FlowDroid [1] is a highly precise static taint analysis tool for Android apps, which is context, flow, field and object sensitive. Our work extends FlowDroid, which implicitly detects only privacy-leakage operations involving a pair of source and sink, to deal with any general sequence-based operations. Our improved analyzer not only reports privacy leakages, but also analyzes and characterizes an untrusted app, and then associates it with a known malware family.

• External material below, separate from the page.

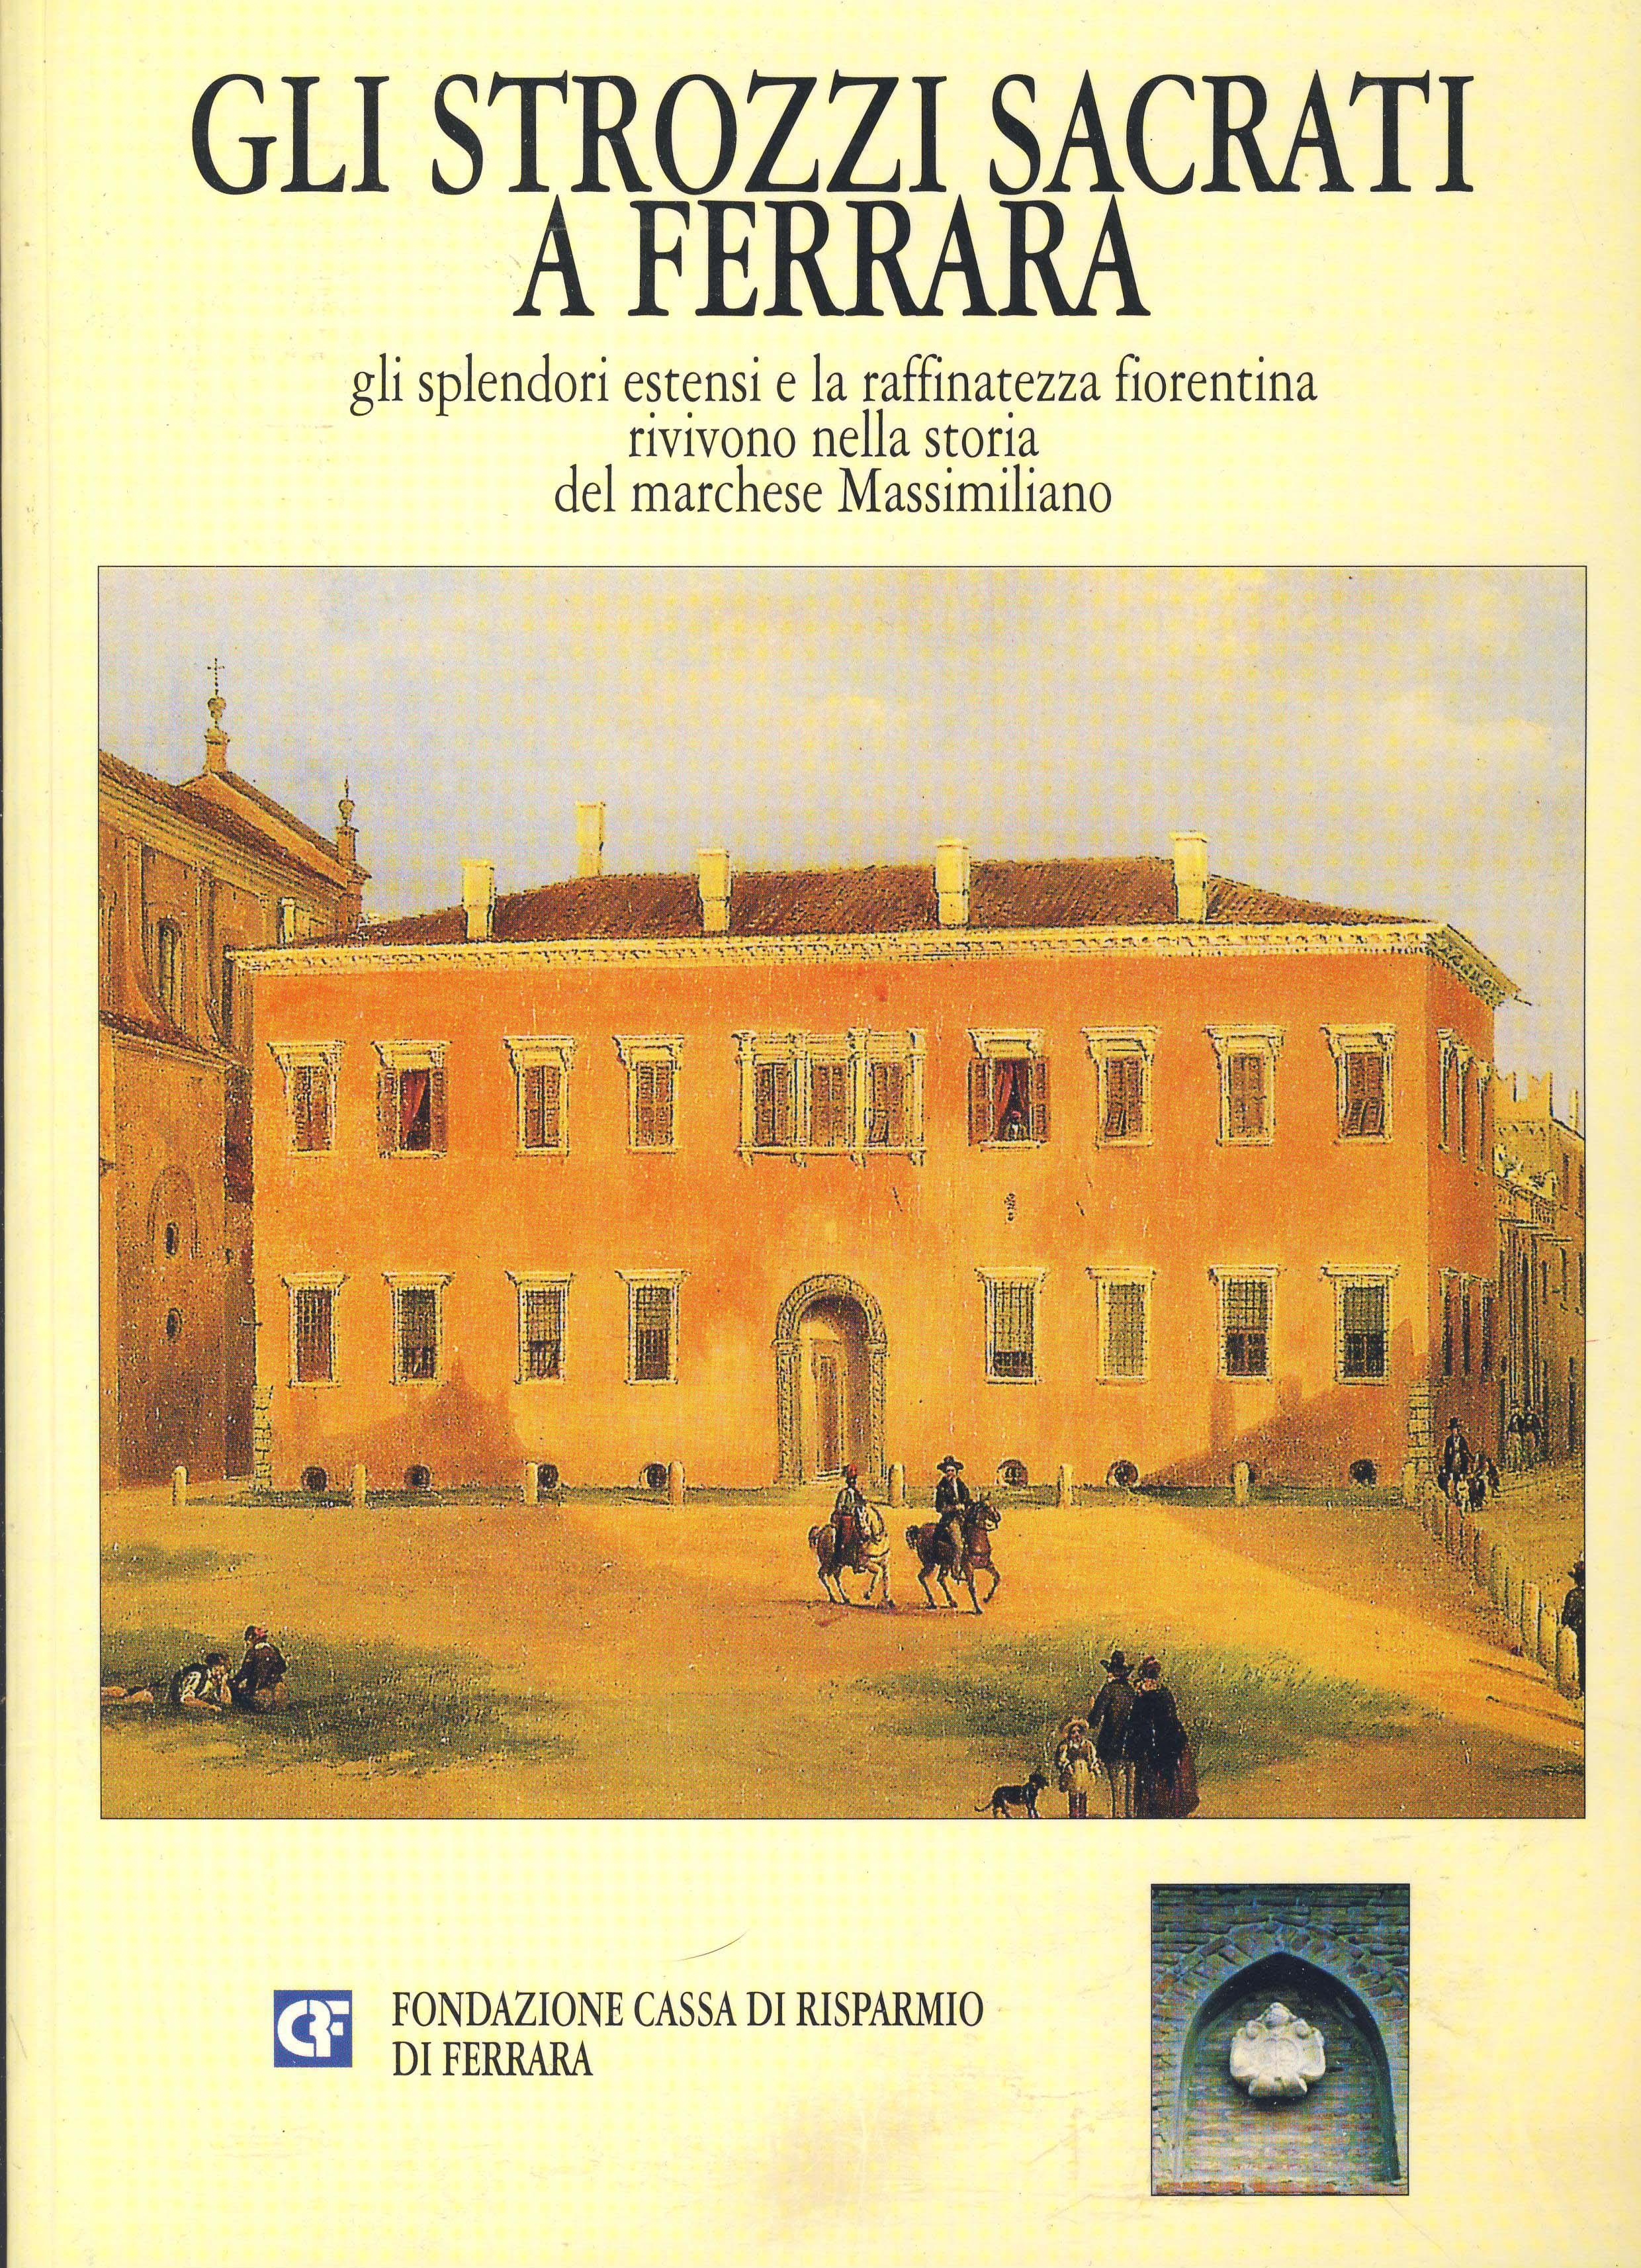 Gli Strozzi Sacrati a Ferrara

Pegasus [3] detects malicious behavior that violates the temporal properties of safe interactions between an app and the Android event system. It thus can detect, for instance, if an operation is invoked without the prerequisite GUI-based interaction that indicates the user’s consent. Meanwhile, AppIntent [18] checks if a data transmission in an app is intended by the user. Similar to these two systems, our work considers operations that are invoked without user involvement. Our analyzer can implement a feature that looks for a sequence of operations, whose sub-path(s) exclude any operations from within UI-related callback methods. The presence of these patterns, which are declaratively specified, are used by our analyzer to characterize and classify a malware sample.

8 Conclusion

We have presented our sequence-based specification scheme called SeqMalSpec, which is concise, convenient and sufficiently expressive to capture malicious behavior in mobile environments. We have also demonstrated how SeqMalSpec can be utilized by a static analyzer to characterize apps in terms of their malicious behavior patterns. Experiments have shown that the analyzer can associate a malicious app with its correct malware family with a high accuracy of 97.2 %, while still being able to differentiate benign apps from the profiled malware families with an accuracy of 97.6 %. Lastly, we have also demonstrated the analyzer’s robustness against various code obfuscation attacks. The proposed SeqMalSpec, as we foresee it, will thus open up various other effective approaches to mitigating malware in mobile environments, including the malware-plagued Android platform that commands a huge user base.